The family sifts through the piles of garbage with admirable efficiency using irons with a slightly curved tip. They eagerly search for anything that might have some value, which their years of living with garbage have taught them to recognize even when night threatens to come. Cardboard and aluminum cans are scrupulously collected to be sold to some industries that take advantage of them for recycling, but they are also on the lookout for some other treasures that they take advantage of for themselves, such as clothes, old shoes, or even food scraps. They divide the tasks, the men climb to the top of the piles and send what they find to the ground, while the women work at the bottom and make piles with the garbage properly separated. It is still the women who wrap the cardboard and aluminum cans in cloths that they place over their heads to carry to the tents where they live, to sell them the next day. What they keep for themselves, such as tattered pieces of clothing, rags, and food scraps are often traded with other groups at the dump. Here, inside the dump, there is no circulation of money, there is only a barter economy among the scavengers. Even the water they drink is exchanged for work. The trucks that bring waste from poultry farms and cattle ranches also carry water for the scavengers to wash their containers here before returning and it is this water that they use to drink.

They work in silence and in an almost mechanical way, as if all the words had already been said and everyone knew what to do without any further need for questions or comments. The only noise that can be heard is the cavernous coughing of almost all of them, denoting lungs affected by the unhealthy environment and by inhaling toxic fumes for several years. The permanent smoke and heavy silence add to the feeling of desolation, as if we were walking through the trenches of a lost war. Yes, it seems like the end of the world, because it is hard to conceive of such harsh and adverse conditions for a human being to work and live.

Still, it is easy to stumble upon a smile, open, frank and true.

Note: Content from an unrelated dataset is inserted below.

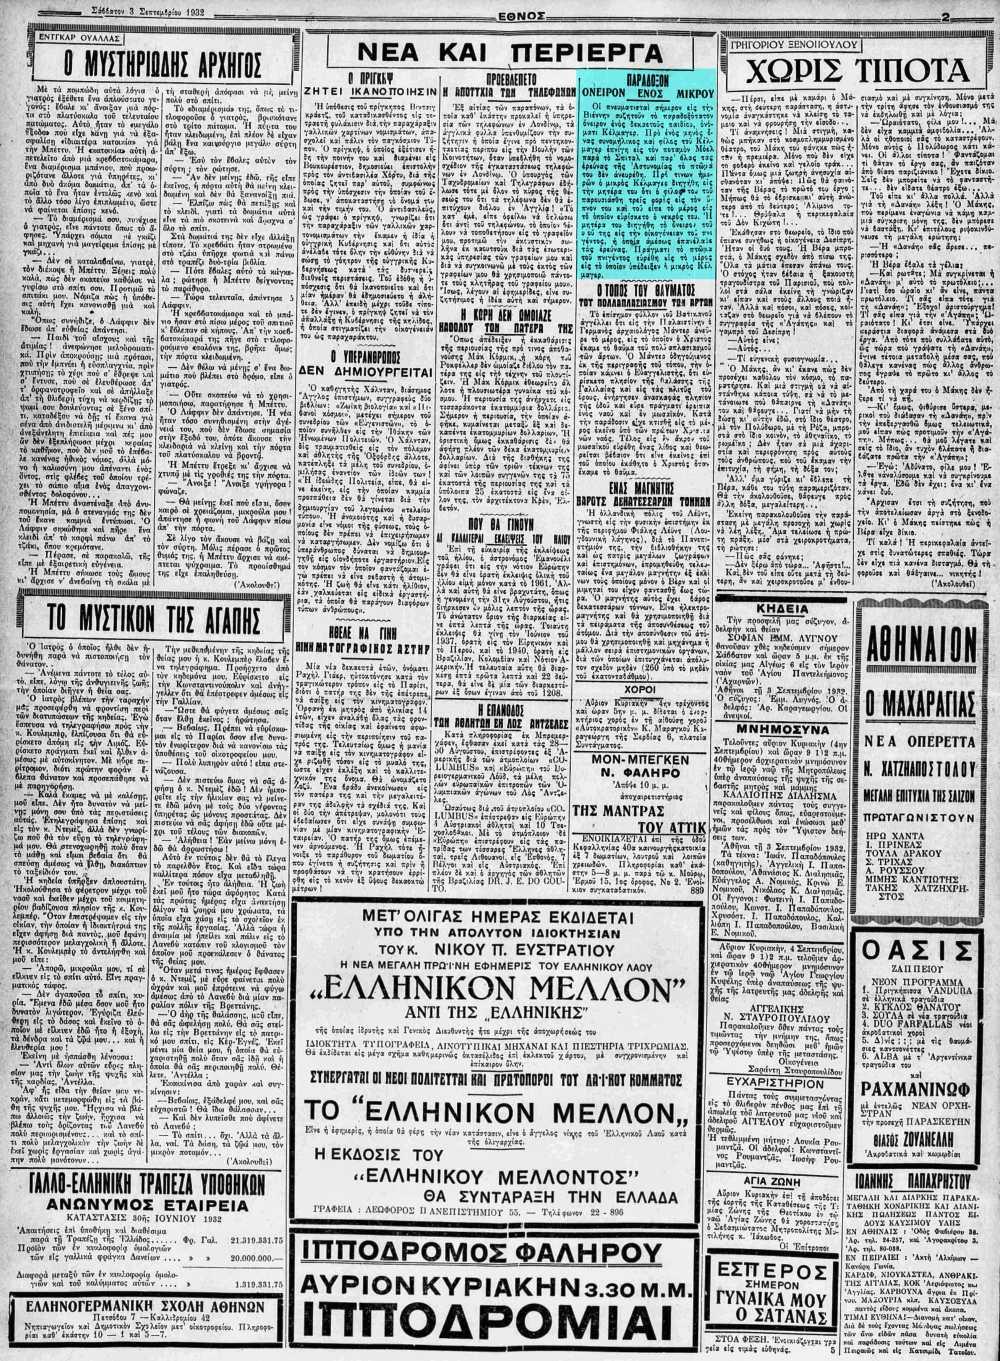 """Το άρθρο, όπως δημοσιεύθηκε στην εφημερίδα """"ΕΘΝΟΣ"""", στις 03/09/1932"""

Even so I felt safe here at the end of the world, where people are after all good on the inside but miserable on the outside. Yet I found and witnessed unity and mutual help in this family, despite the hard work and obvious fatigue.

Ana, the youngest daughter is pregnant. She doesn't know how long she is pregnant, she just keeps working until her day comes. Jorge, the eldest son, is practically blind after having had conjunctivitis for more than 3 months. The father, the one with the most persistent and cavernous cough, blaming the inevitable lung disease that has most likely already affected him. One of the granddaughters, only two years old, knows only this life and this landscape and no longer reacts to the dozens of flies that land with impunity all over her body.  Everyone bears the marks of wounds that took too long to heal, even the dog that faithfully accompanies the family.

Work here is ruled by the shuttle of garbage trucks, even when it rains. The last unloads happen just as the sun is setting on the horizon, when the family is transformed into indistinct silhouettes that resemble soldiers and the garbage is an amalgam that is difficult to distinguish. Only after the last pile is finished do they retire to the flimsy tents set up right next to them, where they make campfires to cook something they have gathered during the day, ward off the jackals that prowl around the camp, and light up the dark night that falls over the plain.

More than during the day, they are even more forgotten at night, when even the garbage trucks don't come here.